中等症から重症の活動期潰瘍性大腸炎の成人患者の治療薬としてのエンタイビオ皮下注射製剤の申請も、現在FDAにより審査中である。
中等症から重症の活動期クローン病成人患者の治療薬としてのエンタイビオ皮下注射製剤のBLA申請パッケージは、VISIBLE 2試験からのデータに基づくもの。同試験は、0週および2週時点に非盲検下にてベドリズマブの点滴静注製剤による静脈内投与を2回実施後、6週時点で臨床的改善*を達成した中等症から重症の活動期クローン病成人患者409名を対象として、エンタイビオ皮下注射製剤による維持療法の安全性と有効性をプラセボと比較して評価したピボタルP3試験だ。
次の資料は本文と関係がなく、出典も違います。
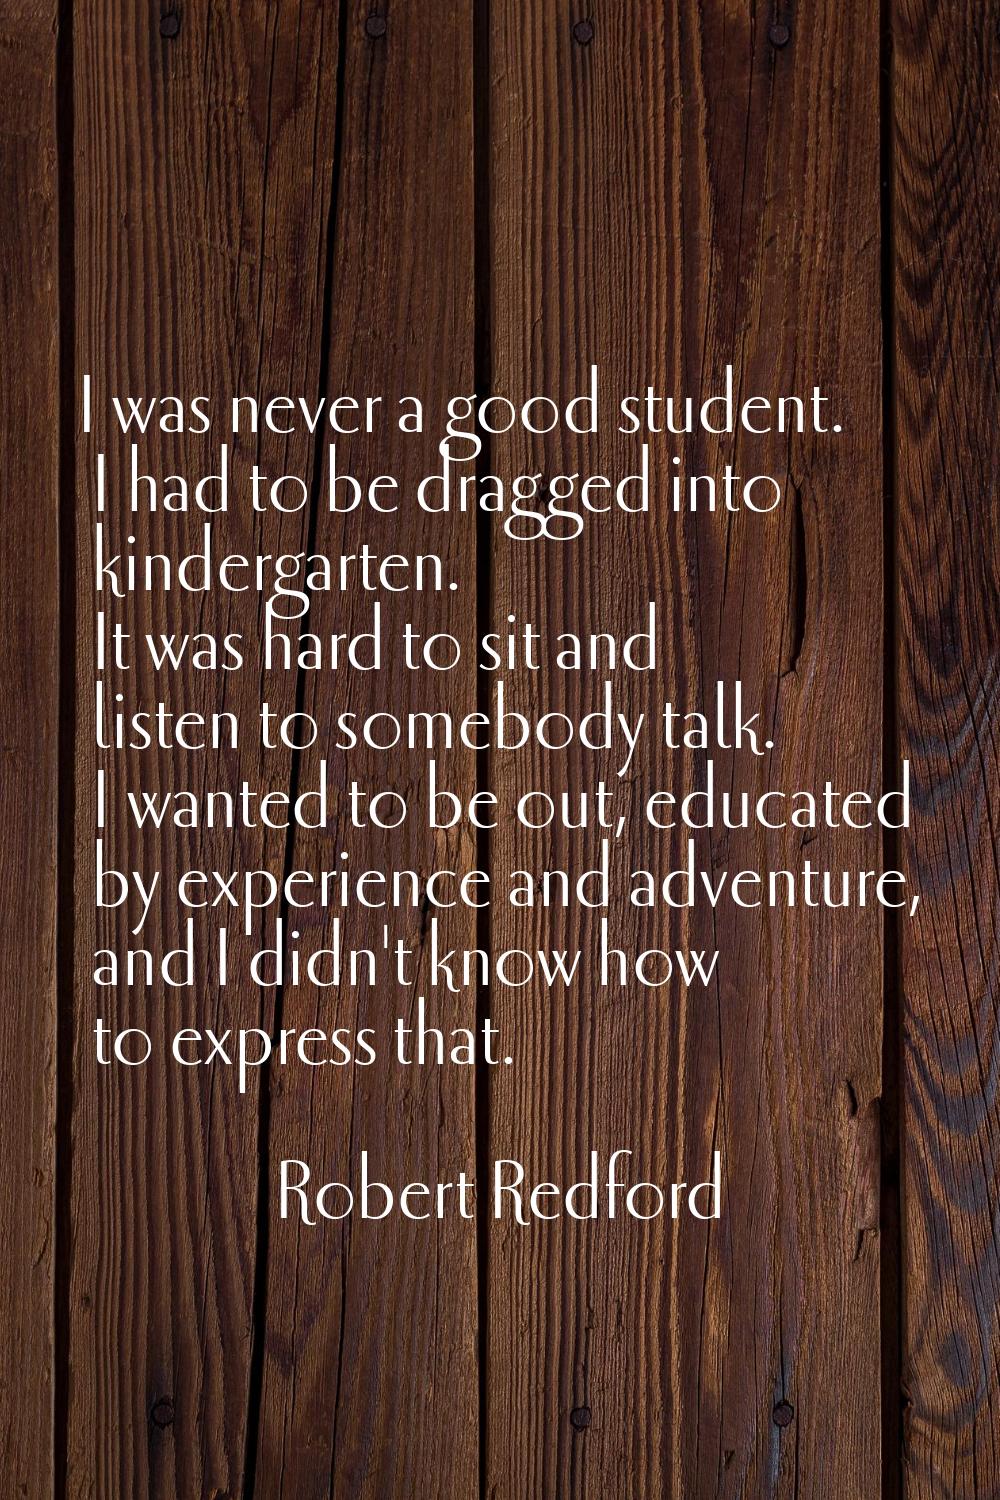 I was never a good student. I had to be dragged into kindergarten. It was hard to sit and listen to

患者は、2週間ごと投与のエンタイビオ皮下注射製剤108mg群とプラセボ群に2:1で無作為に割り付けられた。対象患者は、コルチコステロイド、免疫調節薬および、もしくは抗腫瘍壊死因子(TNF)療法に対して十分な効果が得られないか、不耐である患者であった。
主要評価項目は、52週時点における臨床寛解(クローン病活動指数[CDAI:Crohn’s Disease Activity Index]のスコアが150以下と定義)であった。
◆Vijay Yajnik武田薬品U.S.メディカルのヴァイス・プレジデント、消化器系疾患ヘッド(M.D., Ph.D.)のコメント
エンタイビオの皮下注射製剤に関する2つの申請は、現在FDAで審査中である。当社は、潰瘍性大腸炎およびクローン病の成人患者さんたちの炎症性腸疾患コミュニティと、患者さんの治療に積極的に取り組んでいる医療従事者の皆さんに対する強固な取り組みを継続している。
患者さん一人ひとりの治療体験は異なっており、それぞれに固有のメディカルニーズが存在し、治療に対する好みもそれぞれ異なる。我々がエンタイビオ投与時の選択肢として点滴静注製剤と皮下注射製剤の両方を提供することは、患者さんのニーズを充足する方法のひとつであると強く信じている。